→ Your objective:
Please restate the data word for word.

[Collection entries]
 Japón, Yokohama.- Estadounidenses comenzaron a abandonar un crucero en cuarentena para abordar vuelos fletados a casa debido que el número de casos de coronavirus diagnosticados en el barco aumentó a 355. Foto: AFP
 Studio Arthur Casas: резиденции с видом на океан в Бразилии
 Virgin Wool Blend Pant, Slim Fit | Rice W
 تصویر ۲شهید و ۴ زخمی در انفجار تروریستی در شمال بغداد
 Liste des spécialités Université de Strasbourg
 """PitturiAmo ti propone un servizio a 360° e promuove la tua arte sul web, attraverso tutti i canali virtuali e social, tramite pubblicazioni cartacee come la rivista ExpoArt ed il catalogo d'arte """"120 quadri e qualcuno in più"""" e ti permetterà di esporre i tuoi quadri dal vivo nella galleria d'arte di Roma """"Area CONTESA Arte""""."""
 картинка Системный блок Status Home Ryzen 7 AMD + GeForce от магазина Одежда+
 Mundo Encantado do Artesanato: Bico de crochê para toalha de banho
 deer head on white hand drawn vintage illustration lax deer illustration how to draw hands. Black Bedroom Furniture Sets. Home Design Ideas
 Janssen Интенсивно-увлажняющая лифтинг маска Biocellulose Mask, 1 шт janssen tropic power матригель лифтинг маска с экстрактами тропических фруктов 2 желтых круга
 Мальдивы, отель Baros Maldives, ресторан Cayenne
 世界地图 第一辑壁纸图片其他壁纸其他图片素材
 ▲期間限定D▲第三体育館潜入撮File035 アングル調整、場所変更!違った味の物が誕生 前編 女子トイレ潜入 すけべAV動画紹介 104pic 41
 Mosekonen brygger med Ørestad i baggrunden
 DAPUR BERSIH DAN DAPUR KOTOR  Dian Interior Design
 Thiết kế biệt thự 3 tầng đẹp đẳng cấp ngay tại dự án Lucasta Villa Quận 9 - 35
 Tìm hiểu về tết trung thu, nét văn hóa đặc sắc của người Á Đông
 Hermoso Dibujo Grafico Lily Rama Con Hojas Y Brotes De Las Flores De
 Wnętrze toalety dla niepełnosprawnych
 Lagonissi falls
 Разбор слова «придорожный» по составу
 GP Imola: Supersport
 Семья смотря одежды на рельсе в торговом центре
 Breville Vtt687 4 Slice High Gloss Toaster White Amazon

→ Solution:
 Japón, Yokohama.- Estadounidenses comenzaron a abandonar un crucero en cuarentena para abordar vuelos fletados a casa debido que el número de casos de coronavirus diagnosticados en el barco aumentó a 355. Foto: AFP
 Studio Arthur Casas: резиденции с видом на океан в Бразилии
 Virgin Wool Blend Pant, Slim Fit | Rice W
 تصویر ۲شهید و ۴ زخمی در انفجار تروریستی در شمال بغداد
 Liste des spécialités Université de Strasbourg
 """PitturiAmo ti propone un servizio a 360° e promuove la tua arte sul web, attraverso tutti i canali virtuali e social, tramite pubblicazioni cartacee come la rivista ExpoArt ed il catalogo d'arte """"120 quadri e qualcuno in più"""" e ti permetterà di esporre i tuoi quadri dal vivo nella galleria d'arte di Roma """"Area CONTESA Arte""""."""
 картинка Системный блок Status Home Ryzen 7 AMD + GeForce от магазина Одежда+
 Mundo Encantado do Artesanato: Bico de crochê para toalha de banho
 deer head on white hand drawn vintage illustration lax deer illustration how to draw hands. Black Bedroom Furniture Sets. Home Design Ideas
 Janssen Интенсивно-увлажняющая лифтинг маска Biocellulose Mask, 1 шт janssen tropic power матригель лифтинг маска с экстрактами тропических фруктов 2 желтых круга
 Мальдивы, отель Baros Maldives, ресторан Cayenne
 世界地图 第一辑壁纸图片其他壁纸其他图片素材
 ▲期間限定D▲第三体育館潜入撮File035 アングル調整、場所変更!違った味の物が誕生 前編 女子トイレ潜入 すけべAV動画紹介 104pic 41
 Mosekonen brygger med Ørestad i baggrunden
 DAPUR BERSIH DAN DAPUR KOTOR  Dian Interior Design
 Thiết kế biệt thự 3 tầng đẹp đẳng cấp ngay tại dự án Lucasta Villa Quận 9 - 35
 Tìm hiểu về tết trung thu, nét văn hóa đặc sắc của người Á Đông
 Hermoso Dibujo Grafico Lily Rama Con Hojas Y Brotes De Las Flores De
 Wnętrze toalety dla niepełnosprawnych
 Lagonissi falls
 Разбор слова «придорожный» по составу
 GP Imola: Supersport
 Семья смотря одежды на рельсе в торговом центре
 Breville Vtt687 4 Slice High Gloss Toaster White Amazon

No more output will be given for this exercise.